Это было так похоже на дедушку – отправиться пешком в деревню за два километра, чтобы с кем-то поговорить…
– Да, зачем звонить по телефону, правда? – сказал я.
– Если он был внутри дома, то все равно не смог бы ответить, потому что там не ловит связь. А мне ничего не стоило подойти… В общем, я поговорил с этим парнем; завтра мы заберем его на машине и поедем поглядим чуток на этот дом. Не знаю, есть там что или нет, – это уж тебе, как полицейскому, будет виднее.
Я, поблагодарив дедушку, согласился.
Мы закончили ужин молча, с чувством некоторого облегчения. Нами завладело ложное ощущение того, что мы могли что-то контролировать – как будто в наших силах было не допустить, чтобы все, казавшееся нам всегда незыблемым, вдруг ускользнуло от нас, как песок сквозь пальцы.
Мы с Германом поднялись, убрали со стола и принялись мыть посуду, отправив дедушку спать, несмотря на его протесты.
Когда мы убедились, что он уснул и до кухни стал долетать его храп, Герман решился наконец заговорить; я тем временем вытирал полотенцем мокрые тарелки, которые он мне подавал.
– У меня голова идет кругом, Унаи. Я искал в реестре всех женщин по имени Марта Гомес.

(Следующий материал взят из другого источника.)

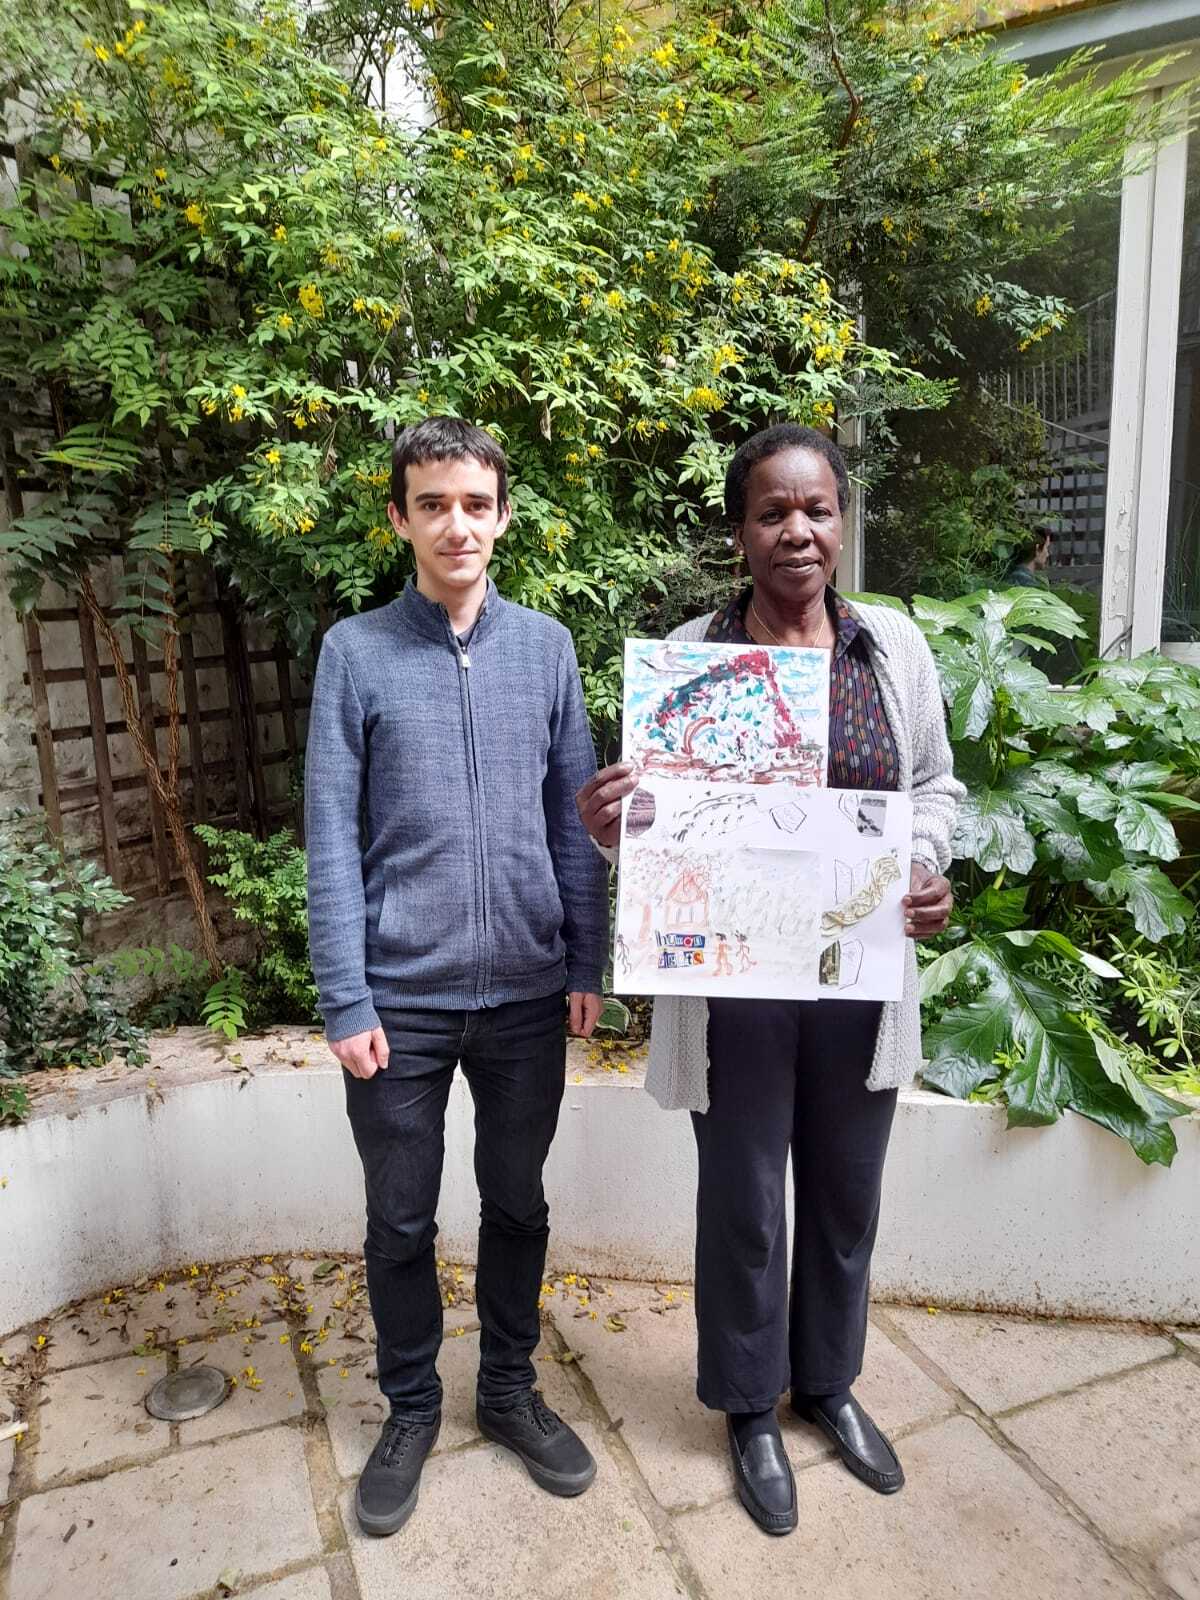 Photographed: Josephine with Joseph Micallef, facilitator and training coordinator of IofC UK’s Refugees as Re-Builders™ Programme.

И это какой-то кошмар: их сотни, родившихся в эти годы.
– Да, я уже знаю: это было первое, что сообщила мне Эстибалис, когда я попросил ее навести справки. Их были тысячи, Герман, тысячи женщин, родившихся по всей Испании, с этим именем и фамилией. Они настолько типичны, словно были взяты наобум для создания фальшивой личности, – удрученно произнес я и опустился на стул перед пустым столом, после того как убрал последнюю тарелку в шкаф.
– Ты ведь понимаешь, что у нас, в сущности, ничего нет? – продолжал Герман. – Два грустных фото, имя, фамилия, дата смерти… и ниша, предположительно занятая ее останками. В чем я уже сомневаюсь – неудивительно, если она окажется пустой. Ты уже задумывался о возможности получить разрешение суда на эксгумацию тела для проведения генетической экспертизы?

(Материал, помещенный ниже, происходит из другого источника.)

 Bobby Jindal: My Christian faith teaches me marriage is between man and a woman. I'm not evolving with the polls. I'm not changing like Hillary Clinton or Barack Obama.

«С первого момента», – мысленно согласился я.
– Пока еще рано об этом говорить, – вслух возразил я брату из какой-то инстинктивной осторожности. – Скажи мне, только честно: тебе важно, кто произвел меня на свет? Лично для меня не имеет значения, у кого ты родился.
Герман некоторое время обдумывал свой ответ. Потом он взял стул и сел рядом со мной.

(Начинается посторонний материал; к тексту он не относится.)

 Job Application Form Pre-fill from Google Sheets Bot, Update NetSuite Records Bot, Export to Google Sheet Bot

– Насколько я понимаю, у всего этого есть три возможных исхода: либо мы получаем подтверждение, что являемся родными братьями по отцу и по матери, как всегда считали. Либо выясняется, что ты сын другой женщины, а Марта Гомес – моя мать, вырастившая тебя как своего сына. Либо мы оба – дети этой загадочной Итаки Экспосито и нашего отца. Так что в любом случае мы с тобой братья как минимум по отцу. Но, скажу тебе откровенно: даже если б это было не так, мы выросли братьями и я не могу представить себе брата лучше, чем ты.
– Я думаю то же самое, – задумчиво сказал я. – Ты для меня не просто «какой-то» брат, доставшийся мне по воле случая, – ты тот самый брат, который должен был родиться, другого и быть не могло. Даже твое имя, Герман, у меня всегда ассоциировалось со словом «брат» [11].
Мне и в голову не приходило думать о Германе как-то иначе.
– В таком случае тут больше нечего обсуждать; что бы ни показала генетическая экспертиза, между нами ничего не изменится, – с облегчением произнес Герман. – Это единственное, что я хотел прояснить.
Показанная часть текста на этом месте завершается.